Trail: IAM & Tenancy¶
Identity, authorization, scope, and audit — end-to-end, with diagrams per step.
Trail map¶
flowchart TB
classDef impl fill:#d1e7dd,stroke:#0a3622,color:#0a3622
classDef des fill:#fff3cd,stroke:#332701,color:#332701
classDef cmp fill:#f8d7da,stroke:#42101e,color:#42101e
I1[1. Tenant root]:::impl --> I2[2. Project scope]:::impl
I2 --> I3[3. Memberships & roles]:::impl
I3 --> I4[4. Service accounts]:::impl
I4 --> I5[5. OIDC / JWKS]:::impl
I5 --> I6[6. Resource identifiers]:::impl
I6 --> I7[7. Policy chain]:::impl
I7 --> I8[8. Audit]:::impl
I8 --> I9[9. Federation]:::des
I9 --> I10[10. Cloud hierarchy comparison]:::cmp
1. Tenant root¶
Implemented
The tenant (organizations table) is the ownership root.
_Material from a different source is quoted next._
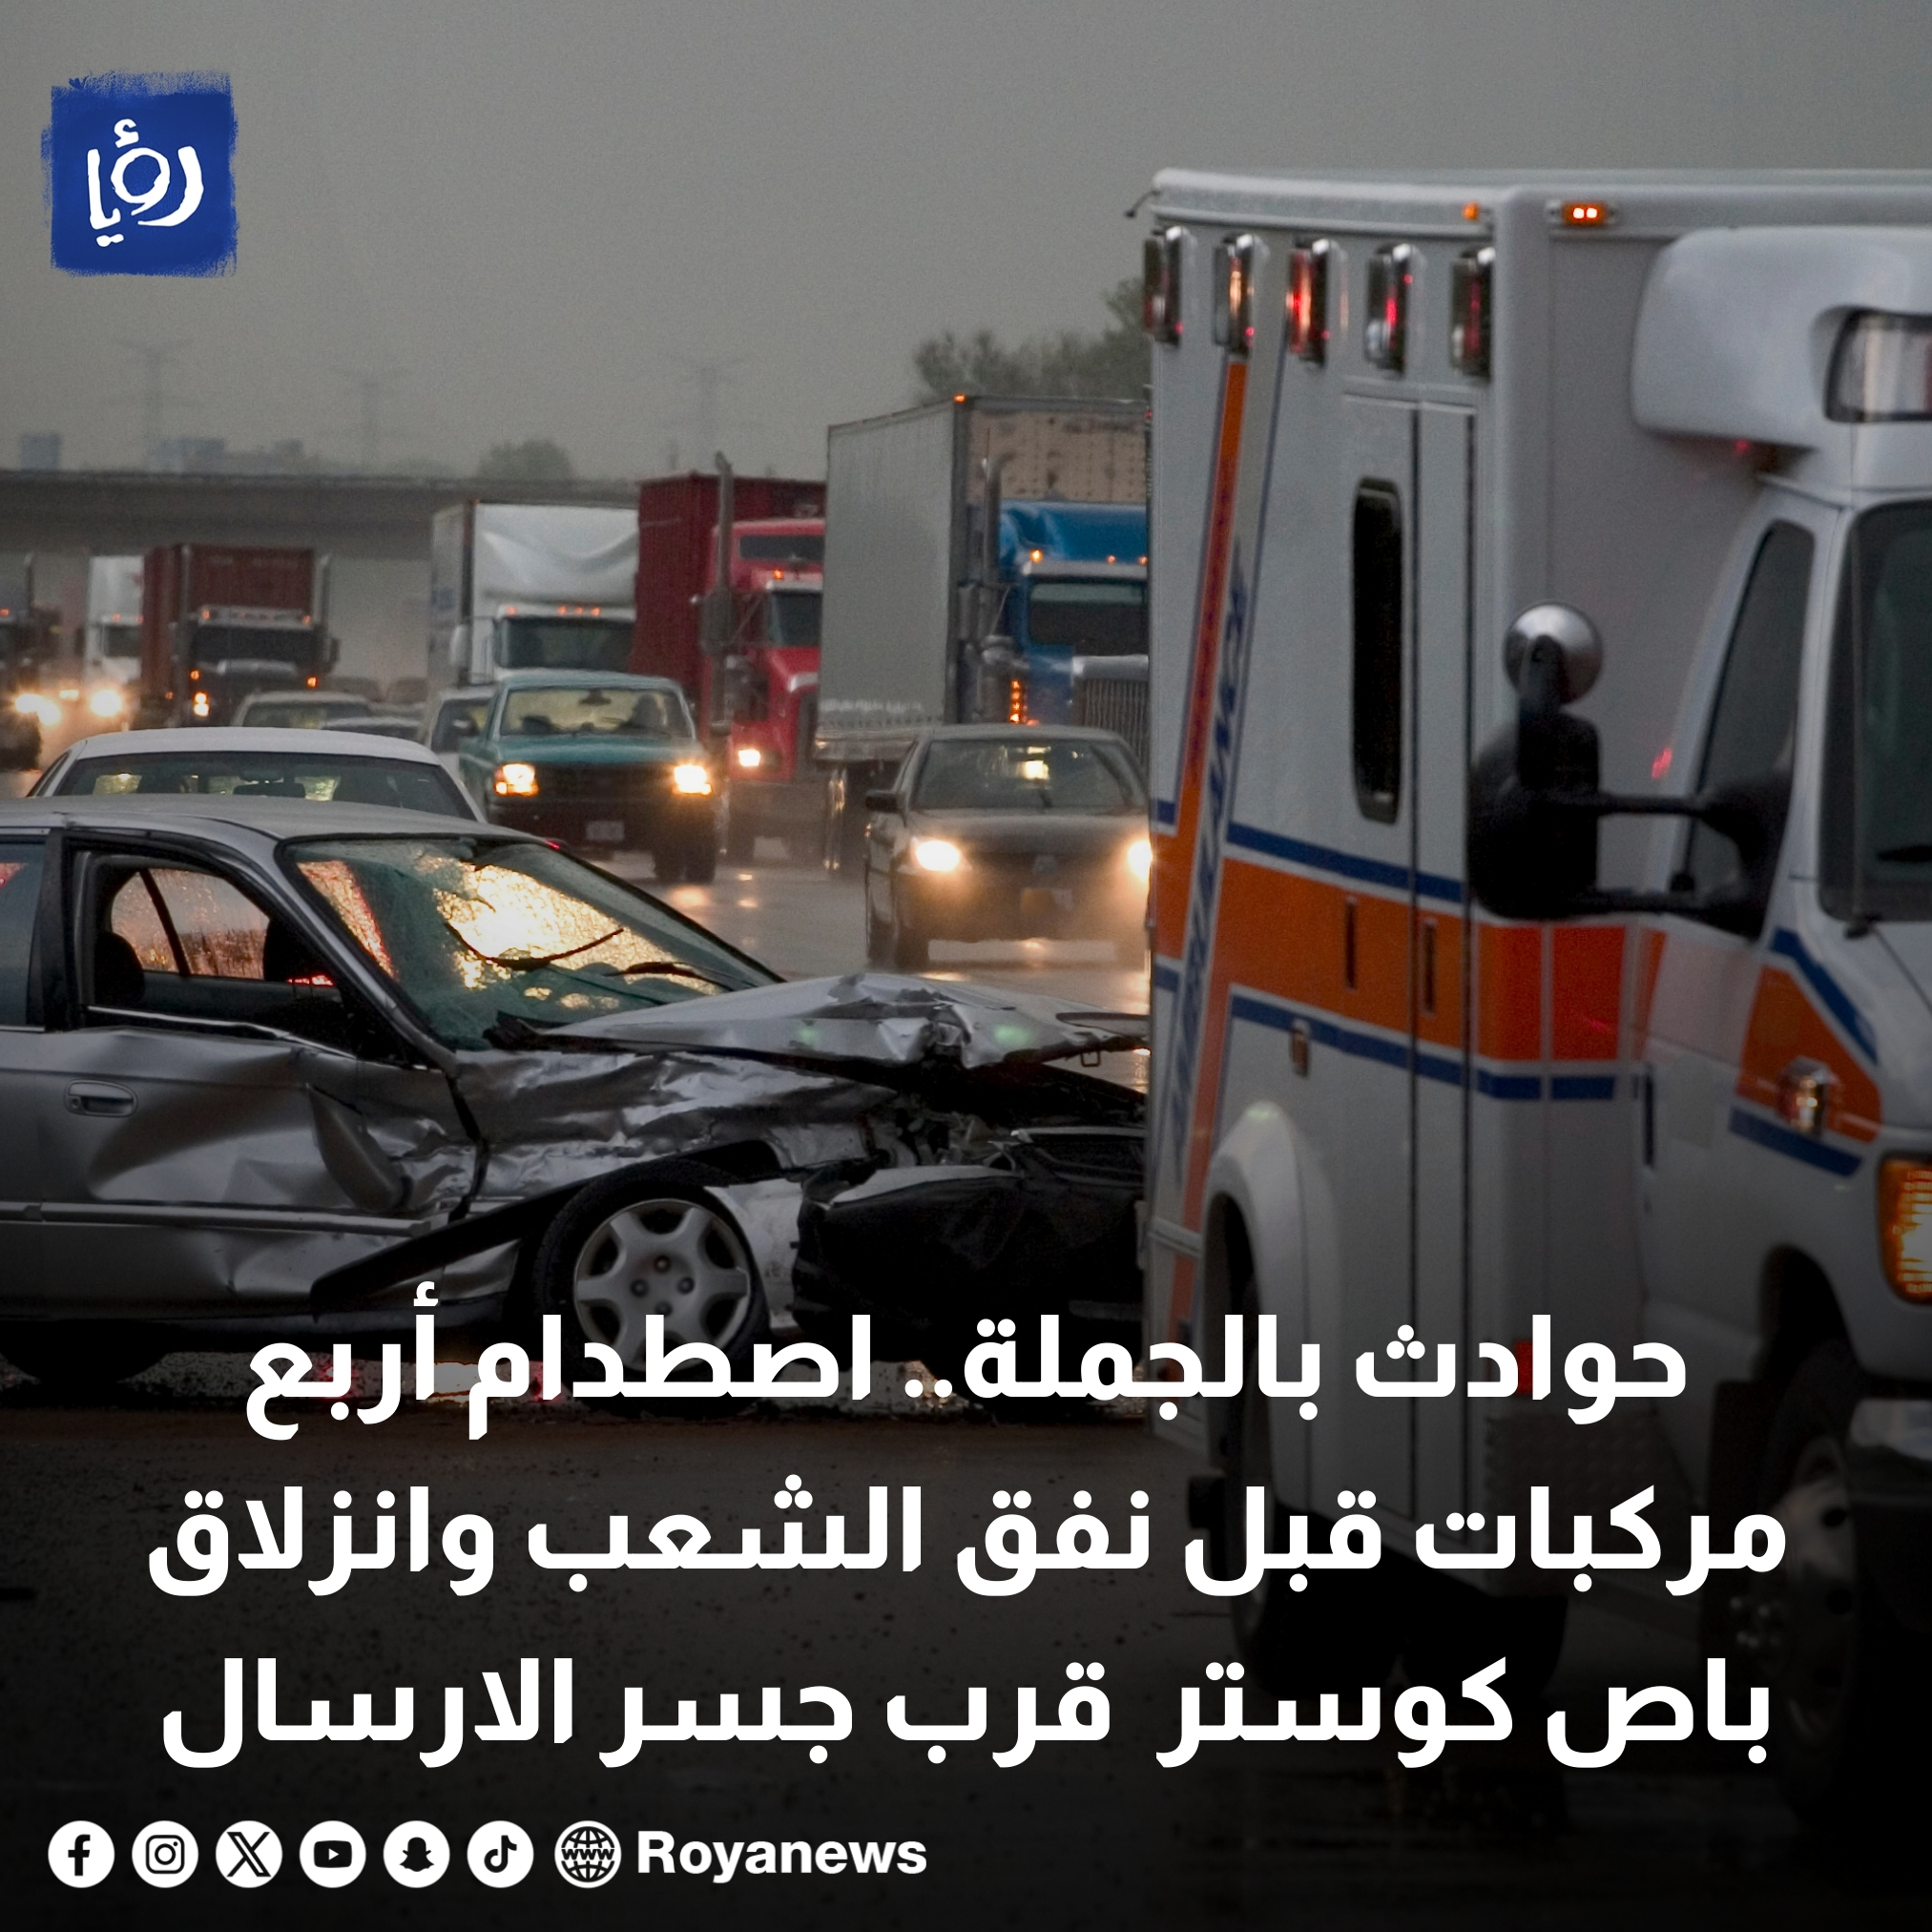 حوادث بالجملة.. اصطدام أربع مركبات قبل نفق الشعب وانزلاق باص كوستر قرب جسر الارسال #عاجل 
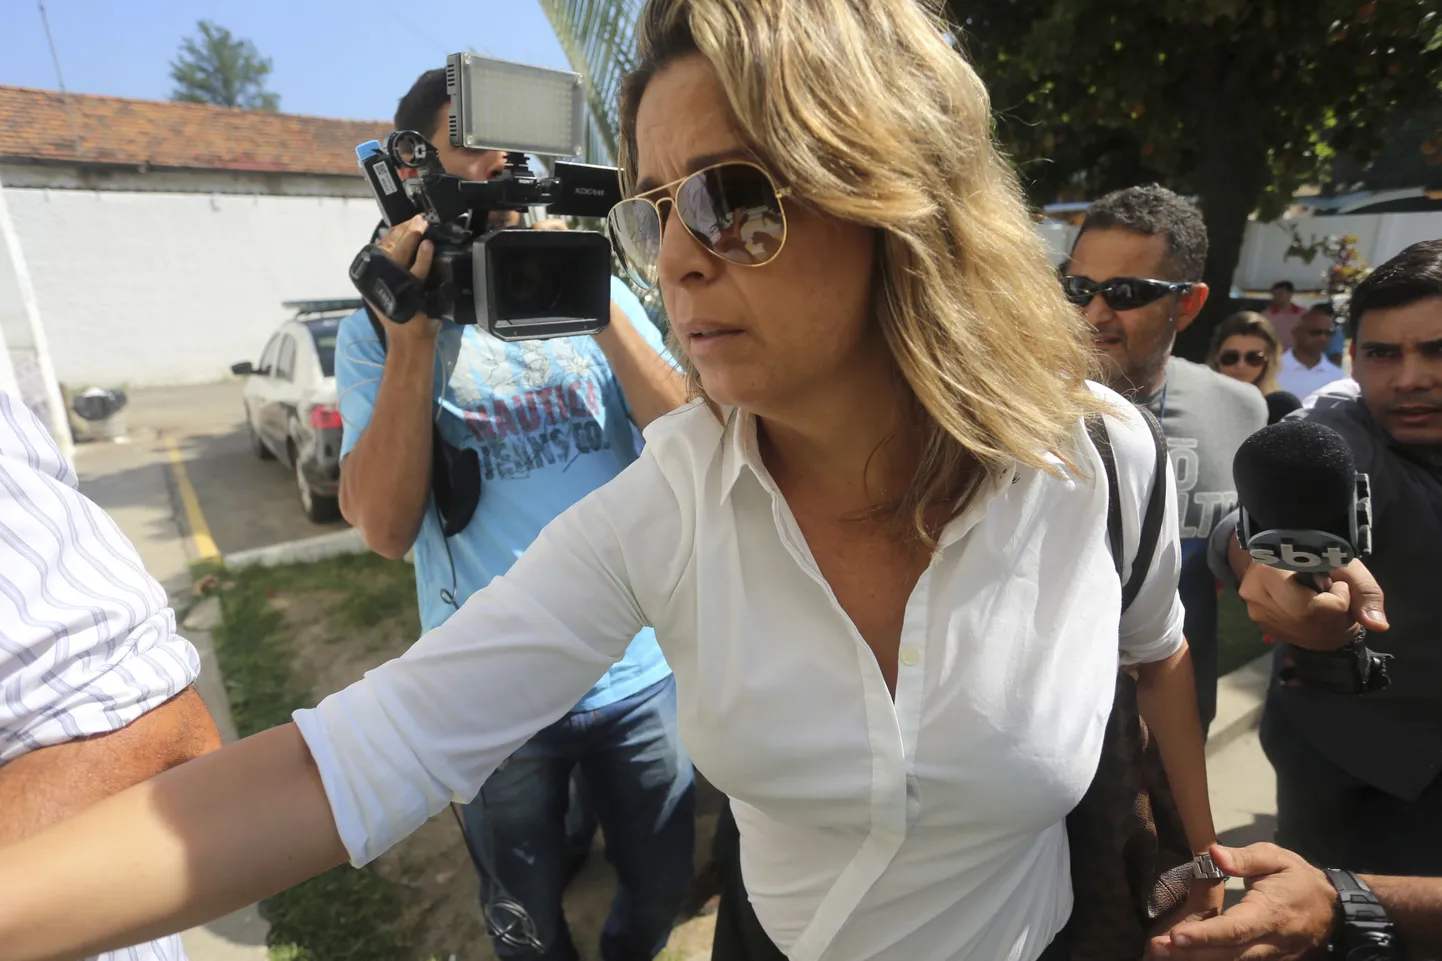 Kreeka saadiku Kyriakos Amiridise abikaasa Francoise Amiridis täna teel politseisse ülekuulamisele.

It survives user churn — when a user leaves, resources stay tenant-owned.
erDiagram
organizations ||--o{ projects : "owns"
organizations ||--o{ tenant_memberships : "has members"
organizations ||--o{ allocations : "owns (nullable for shared)"
organizations ||--o{ nodes : "owns (nullable for shared)"
users ||--o{ tenant_memberships : "is member of"
organizations {
uuid id PK
text name
text stripe_customer_id "billing anchor"
timestamp created_at
timestamp deleted_at "soft delete"
}
tenant_memberships {
uuid user_id PK
uuid org_id PK
text role "owner|admin|member|viewer"
timestamp deleted_at
}
users {
uuid id PK
text email
text external_subject "OIDC sub"
}
Why tenant-root, not user-root:
flowchart LR
U1[User leaves company] --> Q{Owner model}
Q -- "user-owned (anti-pattern)" --> X[Resources orphaned<br/>or transferred manually<br/>Audit chain broken]
Q -- "tenant-owned (GPUaaS)" --> OK[Resources stay tenant-owned<br/>User membership revoked<br/>Audit chain preserved]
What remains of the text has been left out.